WORK TO COMPLETE →
Please set out each line below exactly as it stands, without the images.

AVAILABLE DATA →
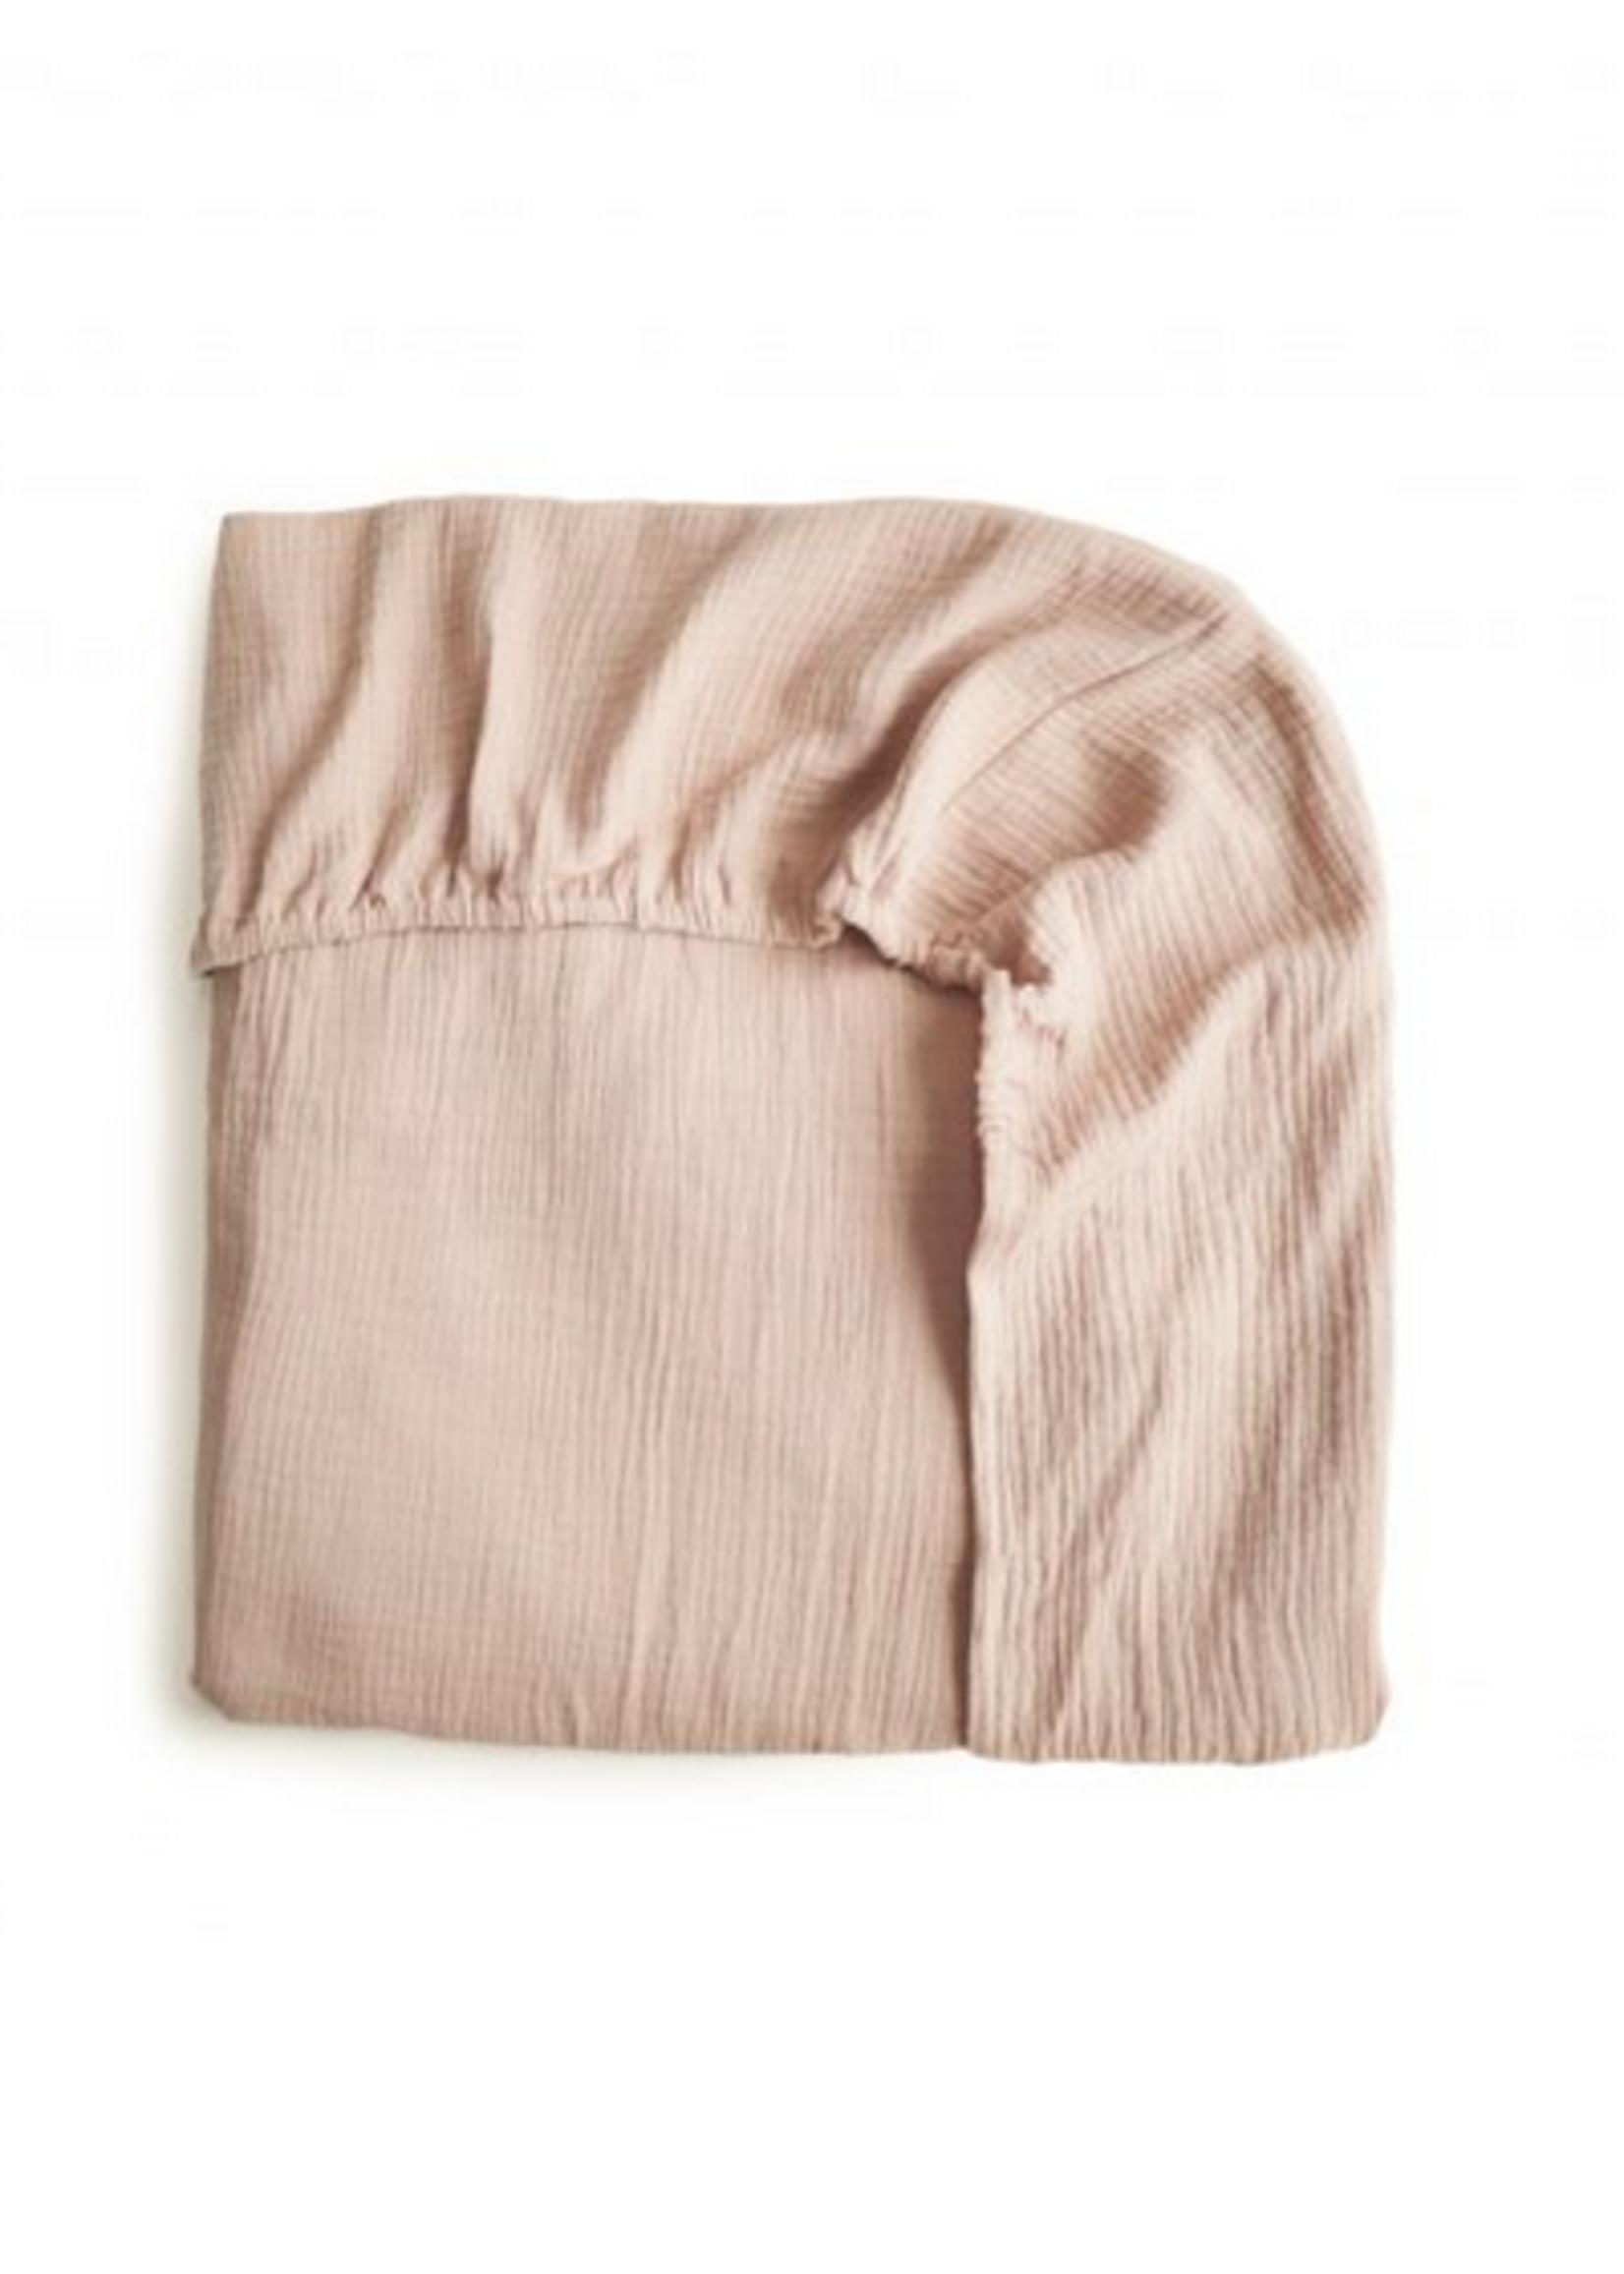 Elitaire Petite Extra Soft Muslin Crib Sheet in Blush
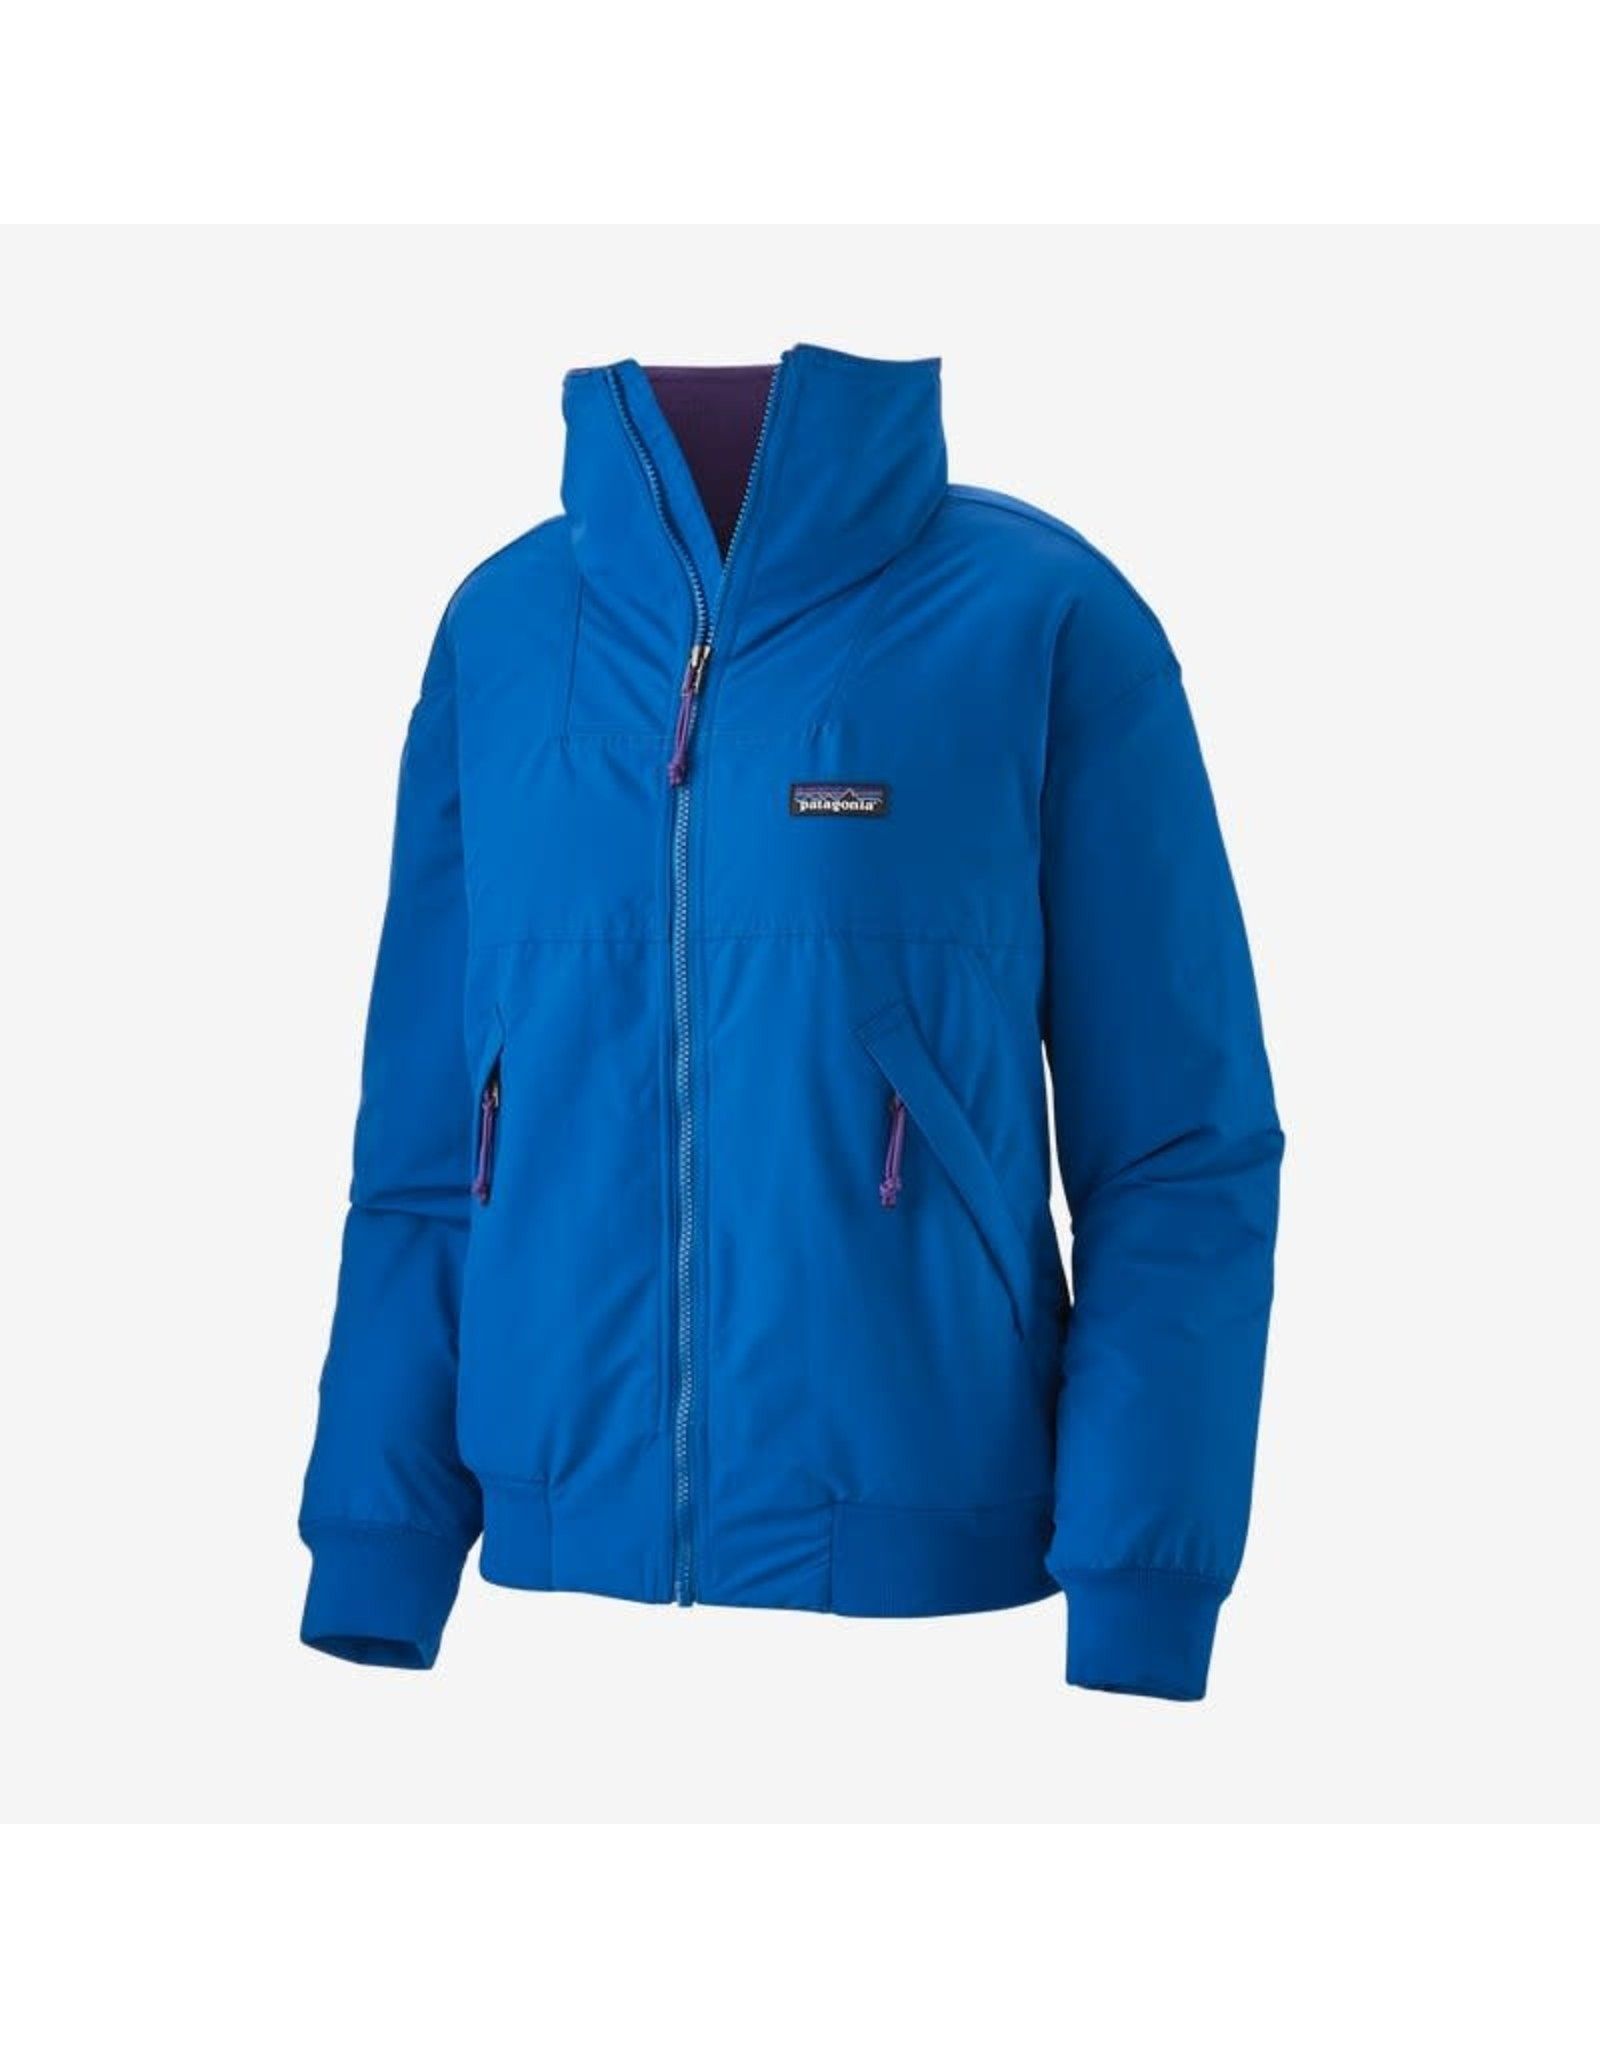 Patagonia Patagonia - Manteau femme shelled synchilla alpine blue
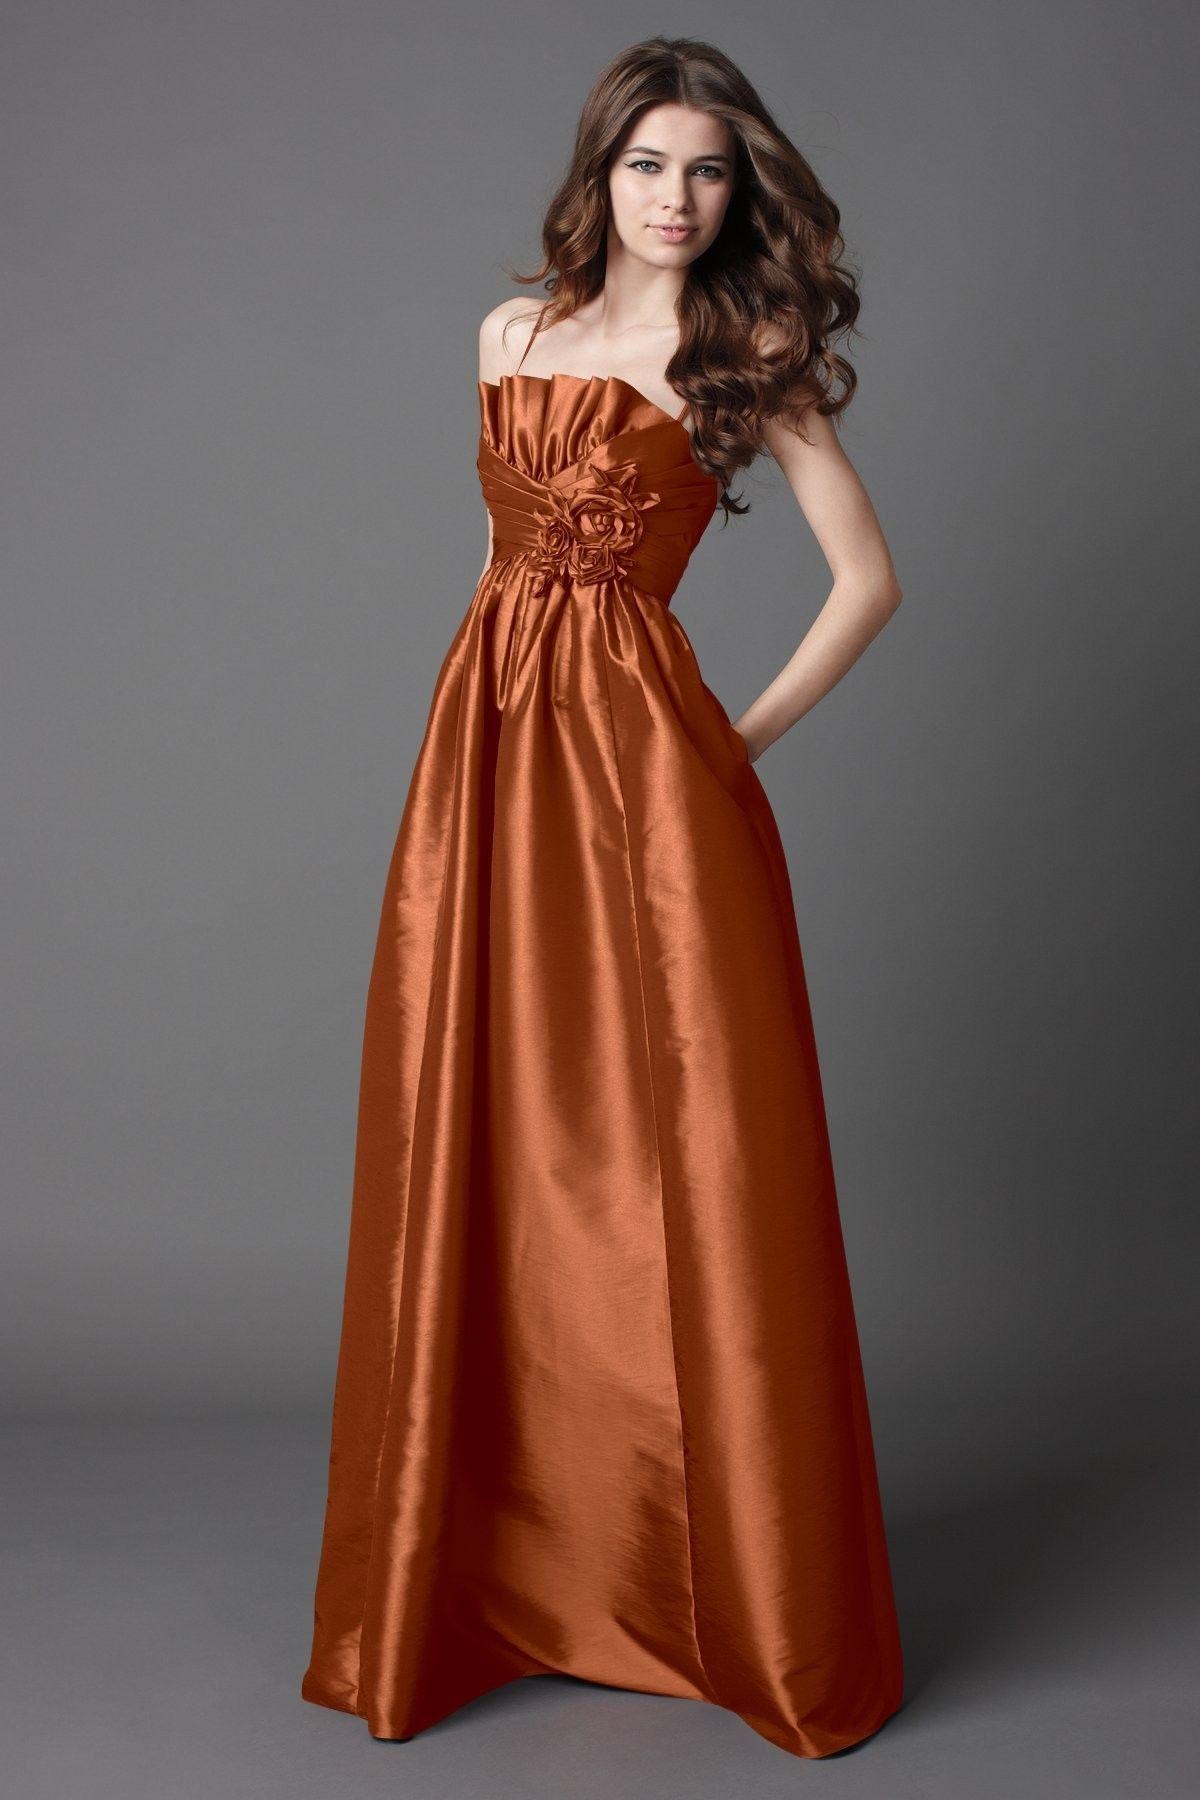 Wtoo bridesmaid dresses style 874 874 20200 wedding wtoo bridesmaid dresses style 874 874 20200 wedding dresses bridesmaid ombrellifo Gallery

WRITTEN SOLUTION →
 Elitaire Petite Extra Soft Muslin Crib Sheet in Blush
 Patagonia Patagonia - Manteau femme shelled synchilla alpine blue
 Wtoo bridesmaid dresses style 874 874 20200 wedding wtoo bridesmaid dresses style 874 874 20200 wedding dresses bridesmaid ombrellifo Gallery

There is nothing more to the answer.